FIG. 3 is a plan view of essential parts showing an example of the configuration of the signal readout section of the above embodiment, and the same parts as in FIG. 1 are designated by the same reference numerals.

As described above, the signal readout section of this embodiment includes the readout charge amount control element 1, the CCD 2, and the reset transistor 3. Although only one readout charge amount control element 1 is shown in the figure, it is actually arranged in a matrix of n rows and m columns, and the CCD 2
One reset transistor 3 is provided for each row of the matrix.

Input gate 1 of the readout charge amount control element 1
1. One storage gate 12 and one transfer gate 13 are provided for each column of the matrix.

31 and 32 are electrode windows opened in the insulating film covering the opposite conductivity type regions 6 and 7, and 33 and 34 are electrodes on the opposite conductivity type region 8 of the CCD 2 and the opposite conductivity type region 9 of the reset transistor 3, respectively. It's a window. Reference numeral 35 denotes a wiring that is led out from the electrode window 35 of the reset transistor 3 and connects the electrode window 32 of all the readout charge amount control elements 1 and the electrode window 33 of the CCD 2 in the corresponding row, and is made of a material such as aluminum (Al). It is formed using a thin metal layer.
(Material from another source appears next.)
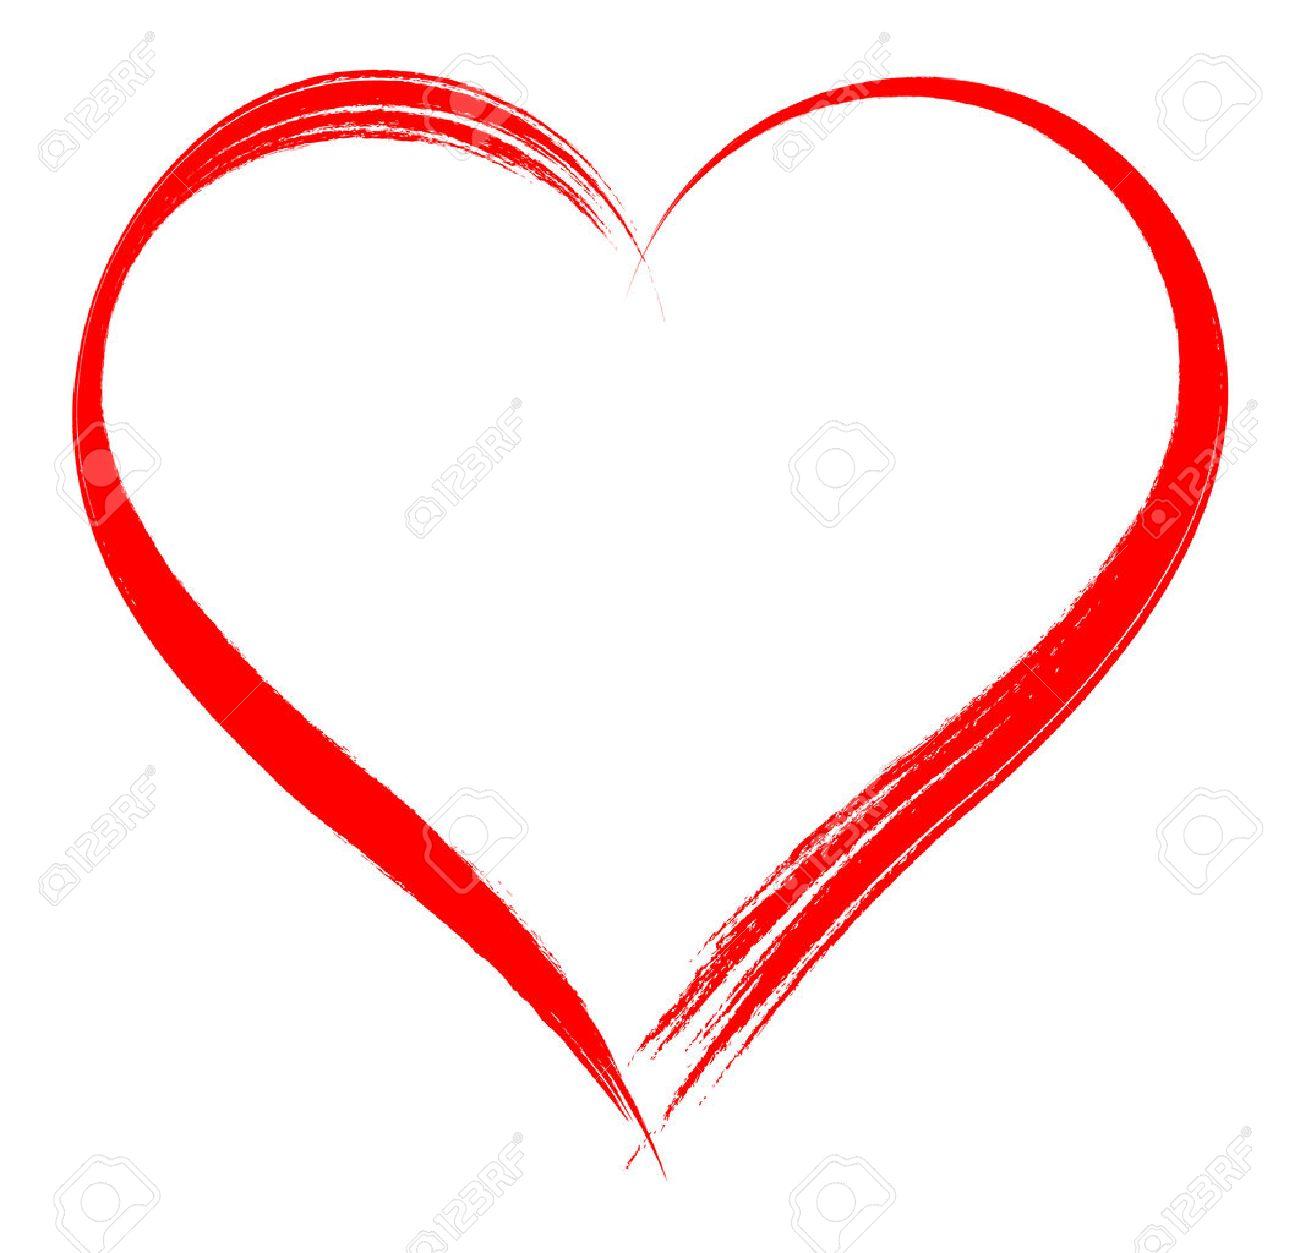 Heart shape frame with brush painting isolated on white background - 69181035

Although the above embodiment shows an example in which the Si substrate 5 is of p-type and the region of the opposite conductivity type is of n-type, these may all be reversed.
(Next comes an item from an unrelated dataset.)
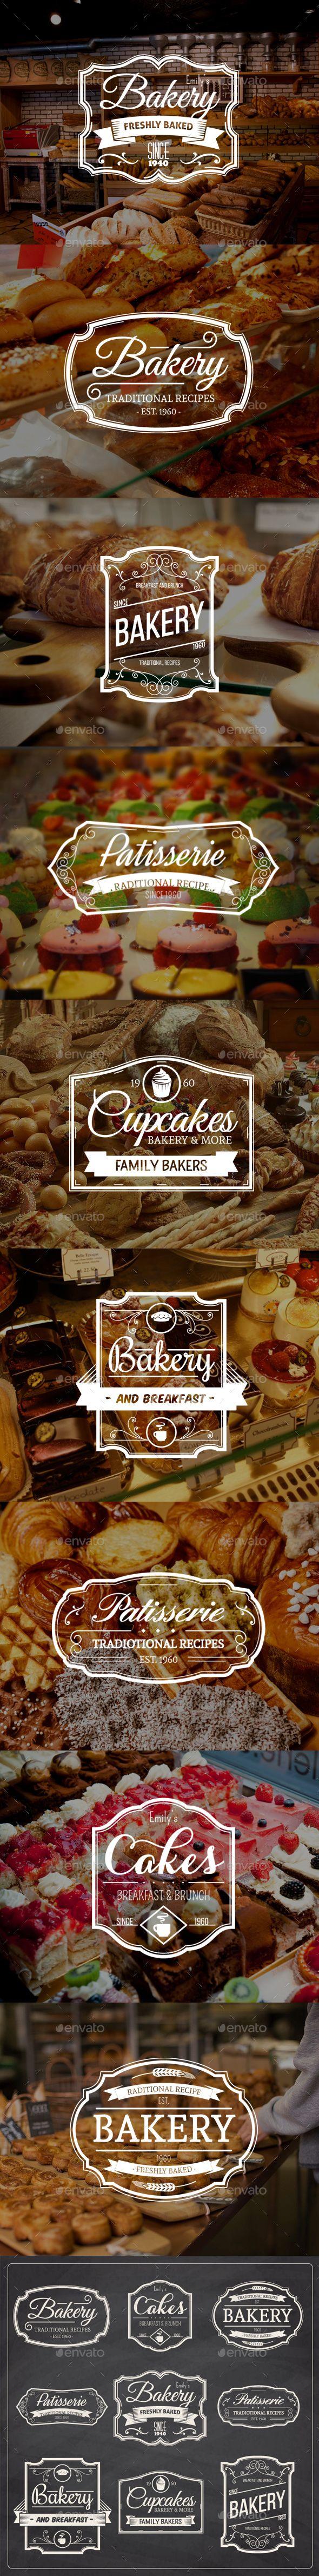 9 Vintage Bakery Badges Template Vector EPS, AI. Download here: http://graphicriver.net/item/9-vintage-bakery-badges/15810081?ref=ksioks

(f) Effects of the Invention As described above, according to the present invention, when reading out a two-dimensional infrared sensor, it is possible to suppress DC components caused by background light and the like and extract only desired signal components.
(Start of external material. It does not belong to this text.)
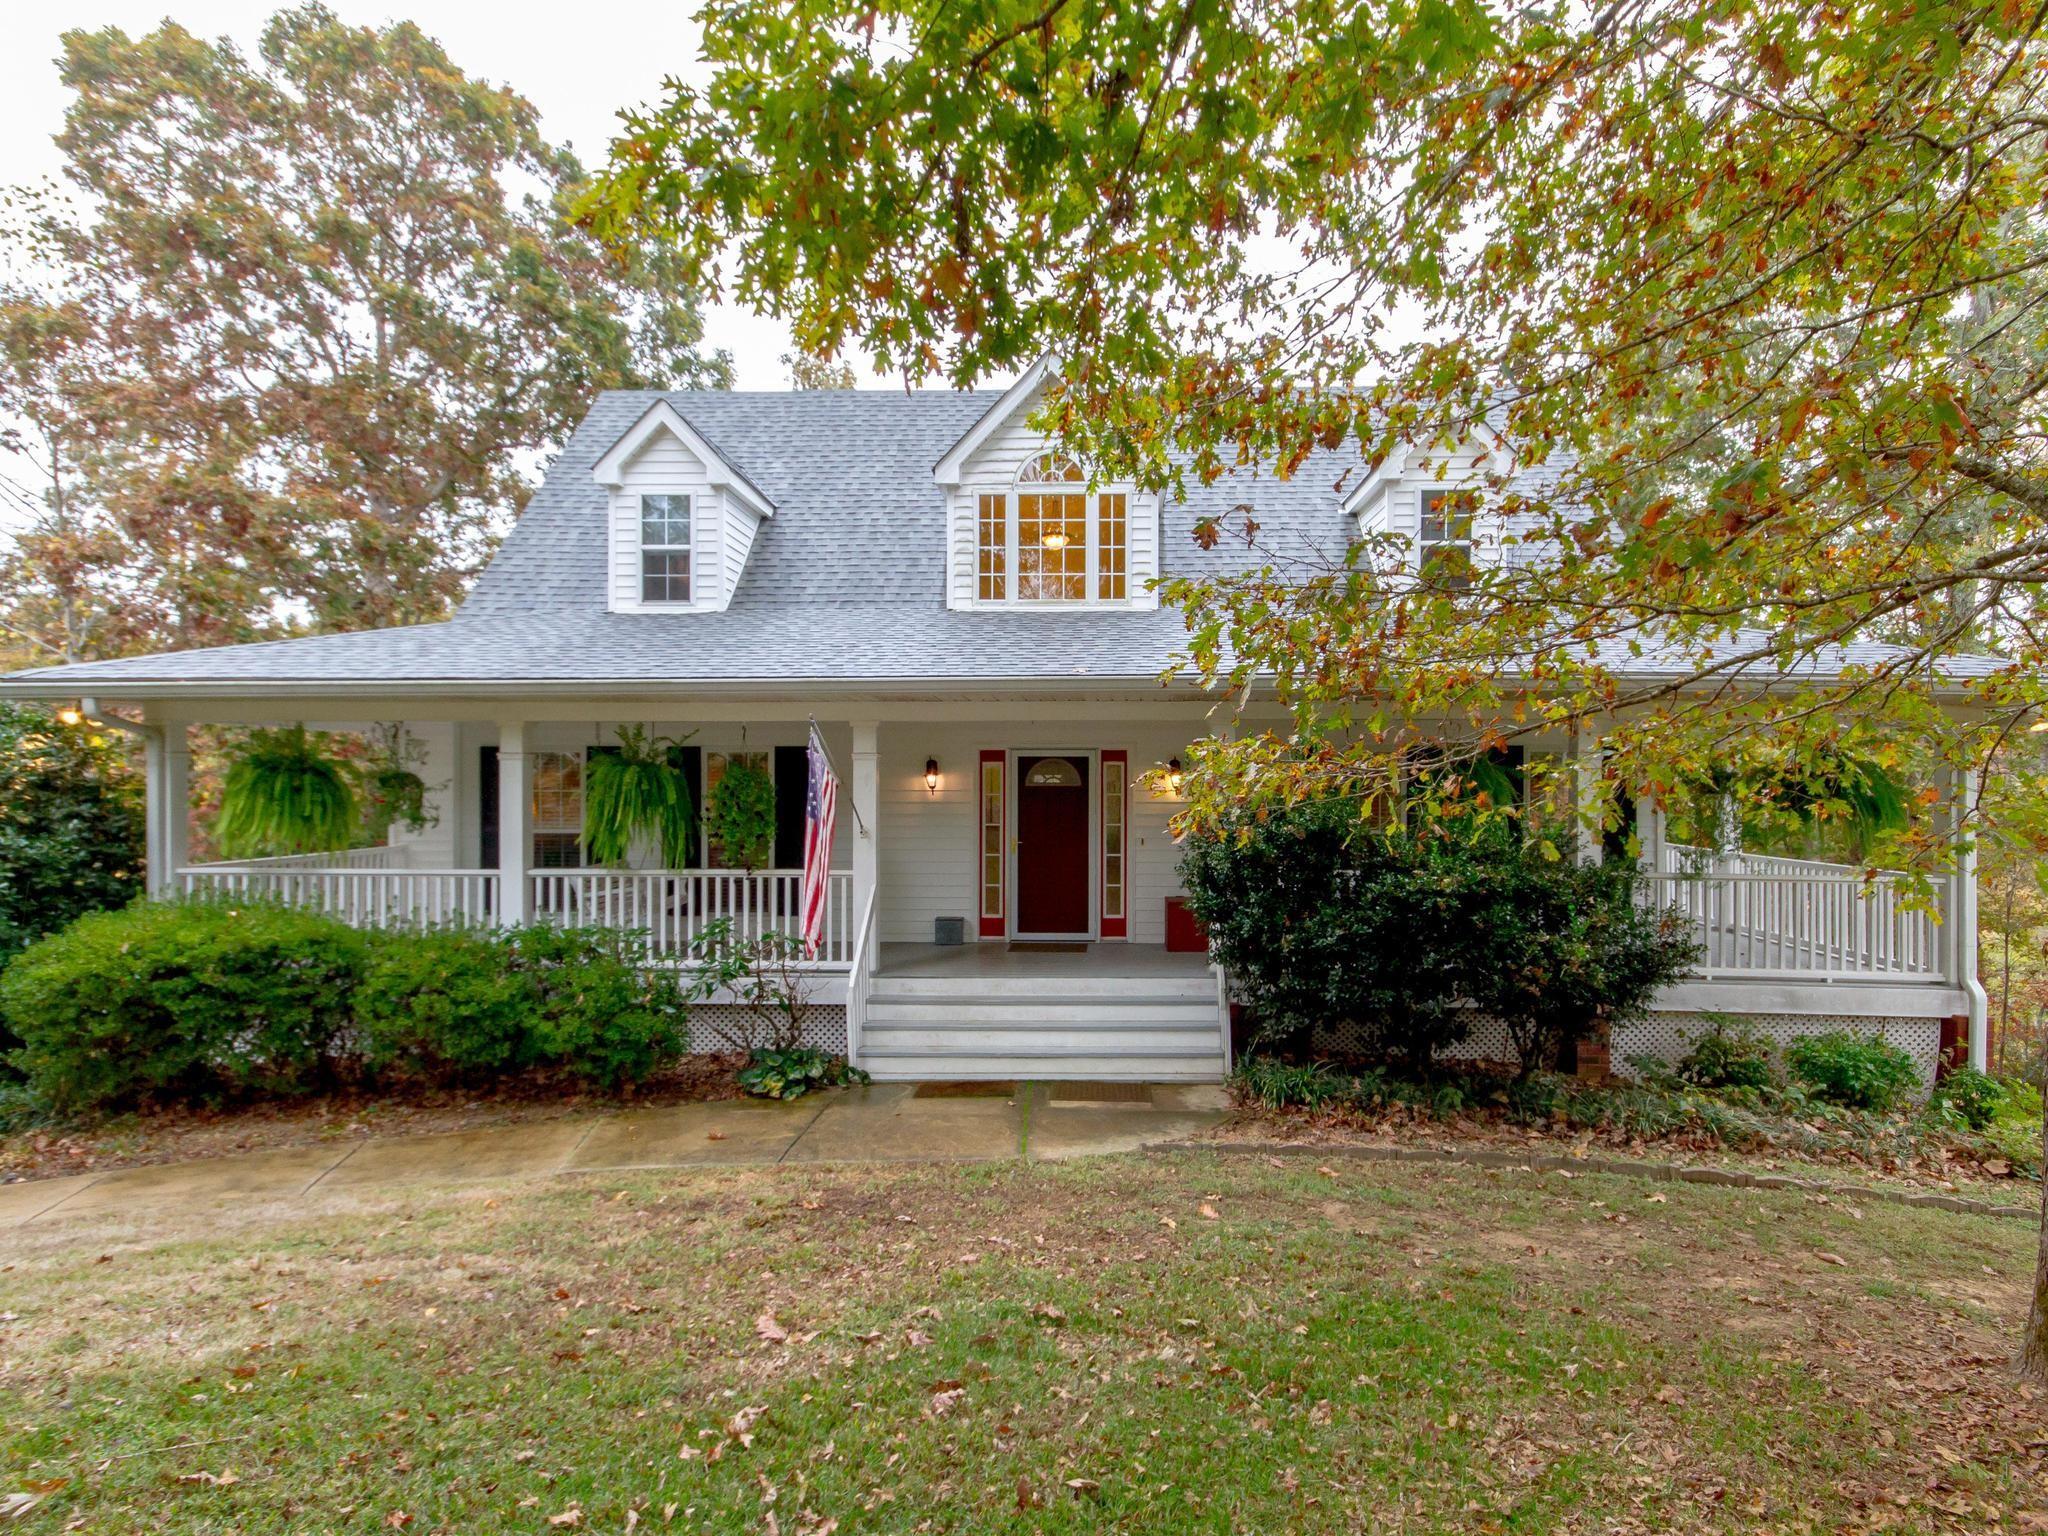 1310 Teri Lynn Ct, Kingston Springs, TN 37082 - Kingston Springs, TN real estate listing

[Brief explanation of the drawing]

1 to 3 are diagrams showing one embodiment of the present invention. FIG. 1 is a cross-sectional view of a main part schematically showing the structure of the above-mentioned embodiment, and FIG. 2 is a cross-sectional view for explaining its operation. The potential diagram, FIG. 3, is a plan view of the main parts showing the planar arrangement thereof. In the figure, 1 is a readout charge amount control element, 2
is a CCD, 3 is a reset transistor, 4 is a photoelectric conversion element, 5 is a semiconductor substrate of one conductivity type, 6, 7,
8, 9, 9' are opposite conductivity type regions, 10 is an insulating film, 1
1, 12, and 13 are input gates, storage gates, and transfer gates made of polycrystalline silicon or the like of the readout charge amount control element 1, respectively; 14 and 15 are transfer gates and transfer electrodes made of polycrystalline silicon or the like of the CCD 2; 16 is the gate electrode of the reset transistor 3, 20 and 25 are potential wells, 21 is the accumulated charge, 22, 23,
24 and 26 are potential barriers, and A to E are arrows indicating the direction of charge flow.

Claims (1)

[Claims] 1. In a semiconductor device having a configuration including a readout charge amount control element that inputs the detection output of a photoelectric conversion element, selects a required signal portion of the input, outputs it to a CCD, and discharges an unnecessary charge portion to a reset transistor. The readout charge amount control element has an input side and an output side opposite conductivity type regions formed on the surface of a semiconductor substrate of one conductivity type, and an input gate on a region sandwiched between the input side and output side opposite conductivity type regions. ,
It has an accumulation gate and a transfer gate, and the input side opposite conductivity type region is connected to the output terminal of the photoelectric conversion element, and the output side opposite conductivity type region is connected to the source terminal of the reset transistor and the
By selectively controlling the potentials of the input gate, storage gate, and transfer gate, the detection output of the photoelectric conversion element is changed over time from the output-side opposite conductivity type region to the input terminal of the CCD. A semiconductor device characterized in that it is capable of outputting a required signal portion to a CCD or discharging an unnecessary charge portion to a reset transistor.